Thursday, December 9, 2010

Dear Santa,

DEAR SANTA,

Word is, you keep a running list of who’s been naughty and who’s been nice. We salute you for undertaking what is surely a huge and thankless task.

In fact, it’s such a big job that we fear you might overlook certain particularly naughty and nice people. That’s why we’re offering this amicus curiae — an editorial “friend of the court” brief, as it were.

You see, there’s a company known as EADS — the European Aeronautic Defence and Space Co. — whose folks have been very nice this year, and we’re hoping you’ll reward them accordingly.

Here’s the story. Back in 2008, when they were in partnership with Northrop Grumman, they won a big fat contract to build aerial tankers for the U.S. Air Force. We’re talking $40 billion worth of airplanes.

People on the central Gulf Coast were beyond excited, Santa. The tankers would’ve been assembled in Mobile at a $600 million plant that would have employed about 1,500 people.

But speaking of naughty, along came EADS’ arch rival, the Boeing Co., which convinced the government to cancel the award and hold another round of bidding.

Northrop threw up its corporate hands and pulled out of the competition. Not EADS, though. Armed with the confidence that it has the better plane — remember, the Air Force picked its tanker two years ago — EADS went head to head with Boeing in the new round of bidding.

Now everybody’s waiting nervously to see who wins.

You might think coastal residents would be encouraged by a noted defense analyst’s recent prediction that EADS will get the contract, but the agony and ecstasy of winning and losing in 2008 has kept folks pretty skittish. Plus, they don’t — and shouldn’t — discount the fact that Boeing wields an enormous amount of political influence in Washington.

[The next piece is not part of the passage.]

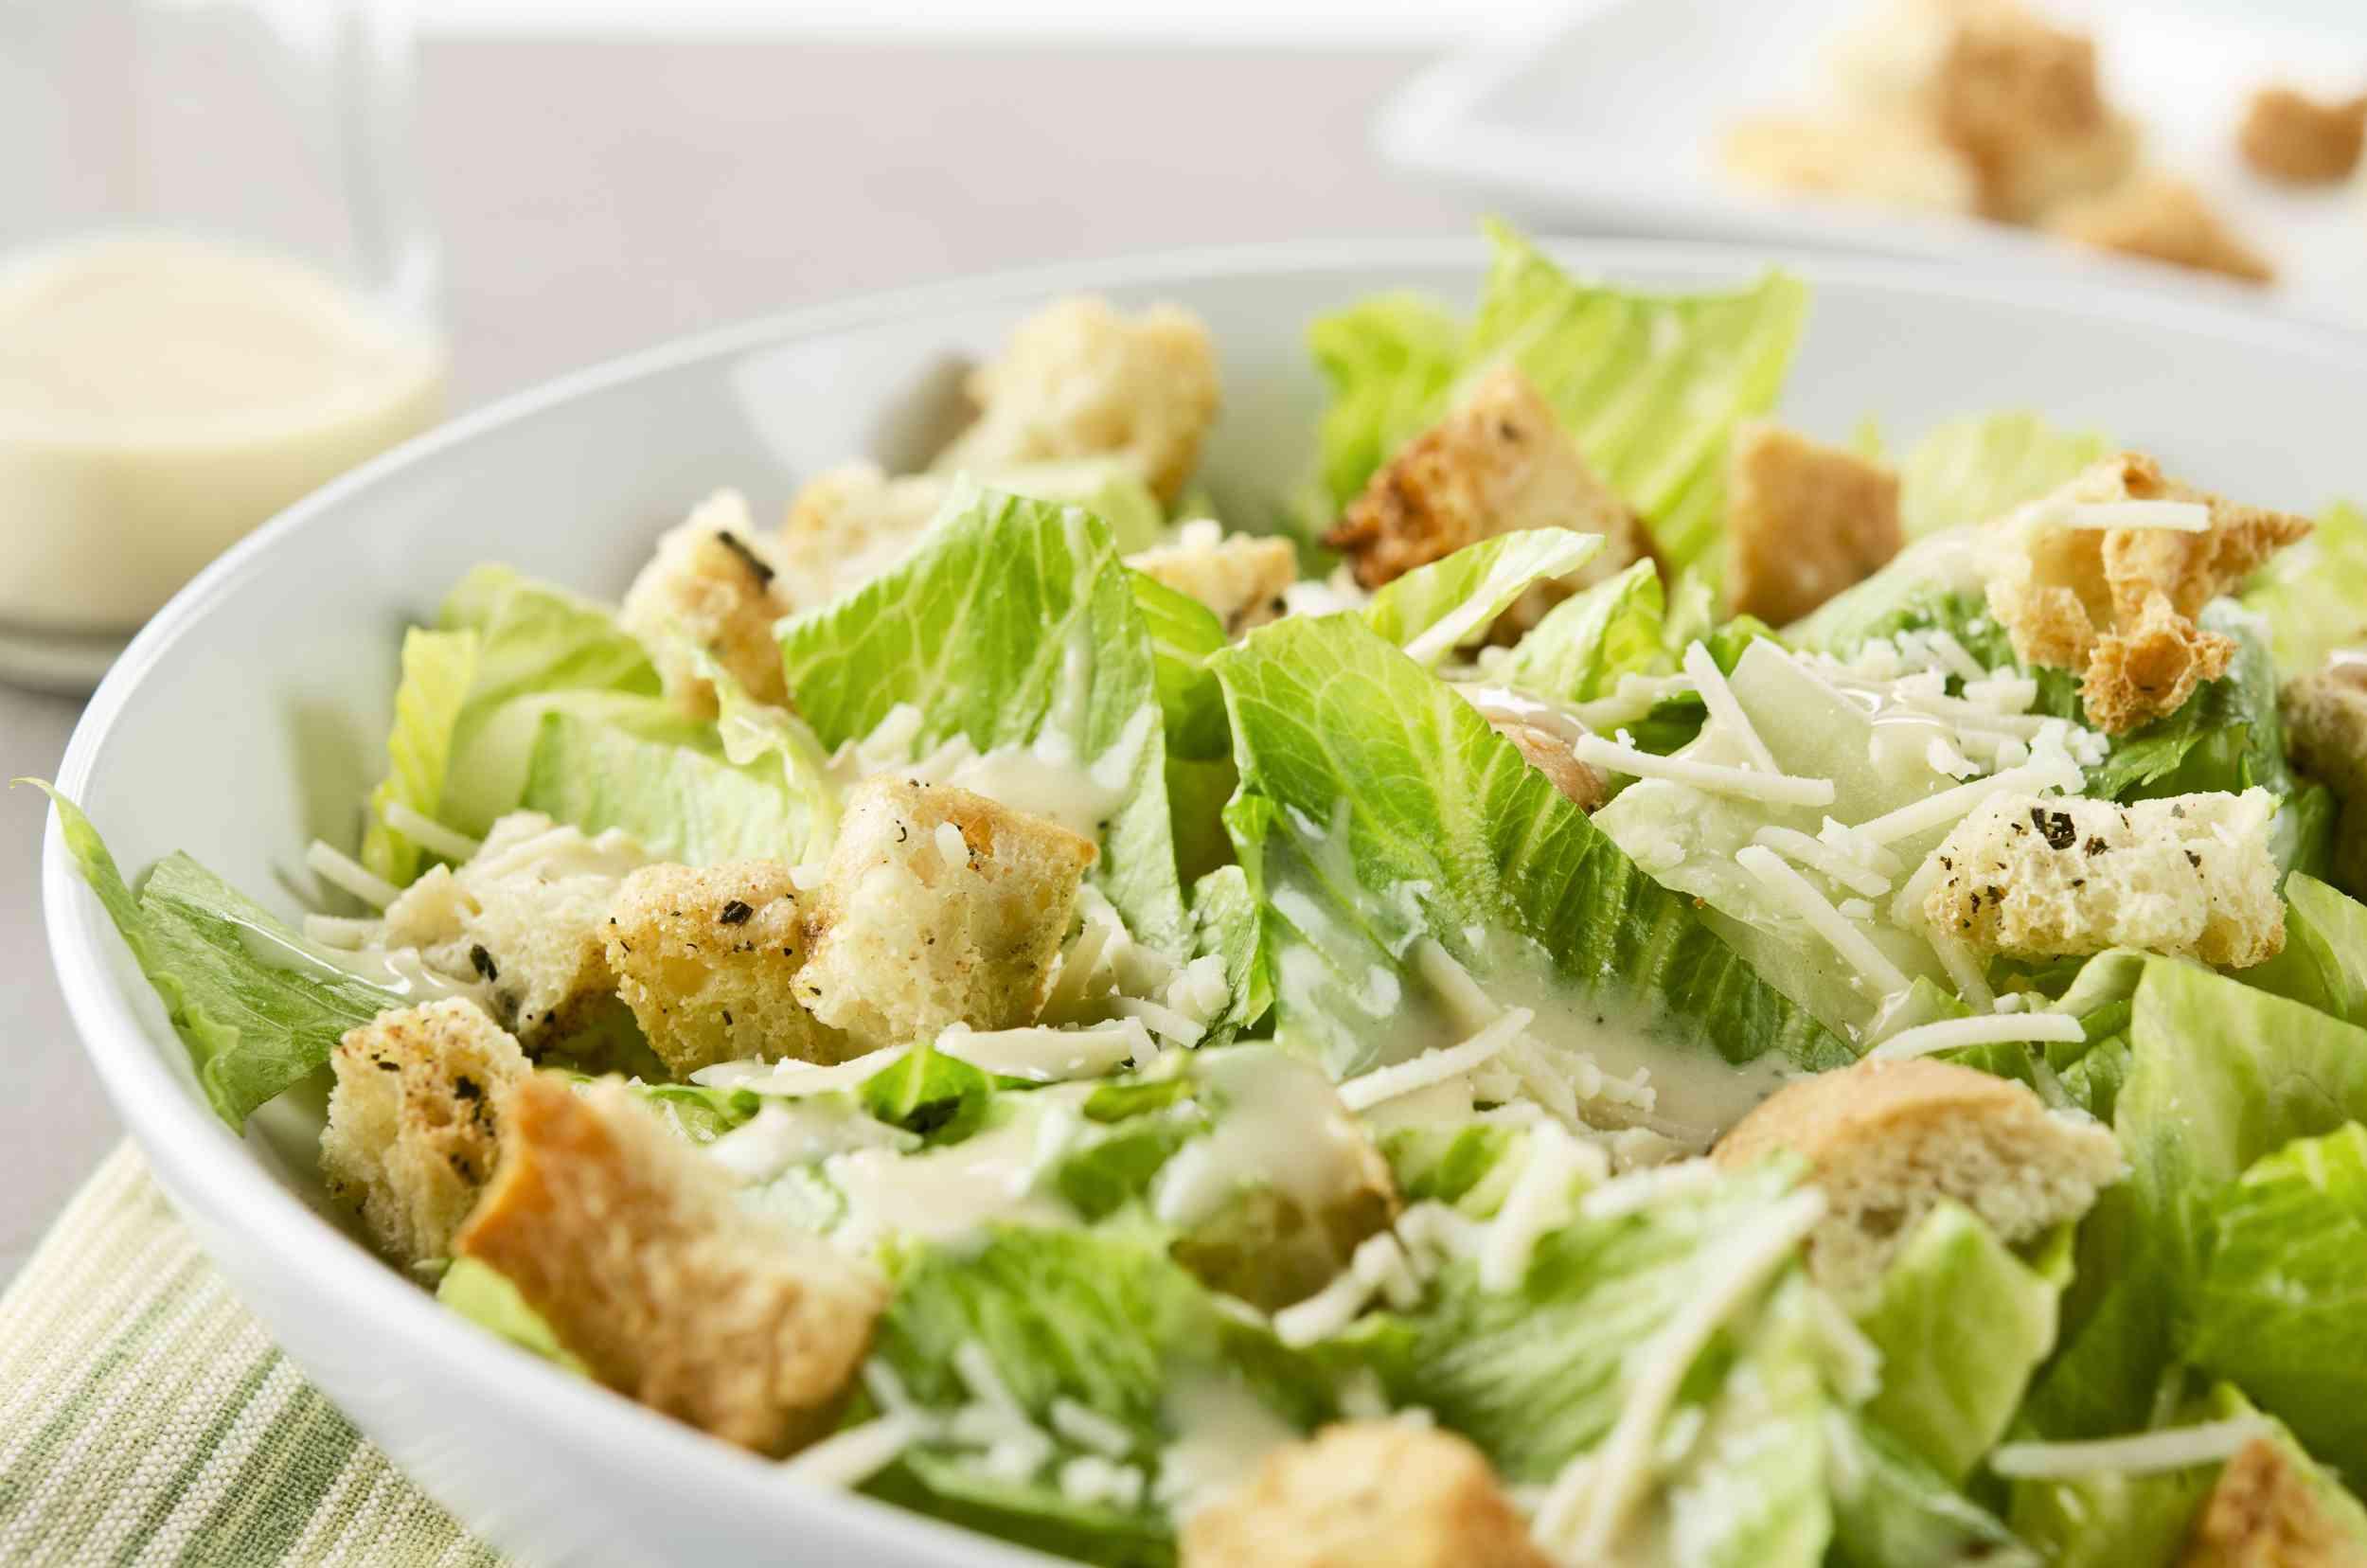 Risultati immagini per cesar salad

That’s where you come into the picture, Santa. Now that you know how nice EADS has been this year, and that Boeing has been its usual naughty self, know this, too: EADS’ refueling tanker is bigger than Boeing’s, it holds more fuel, it can fly farther, and pilots rave about its performance.

So when you load your sleigh later this month, how about including a big, brightly wrapped gift-tagged “Merry Christmas to EADS and the Gulf Coast”?

Trust us, Santa. It’s the right thing to do.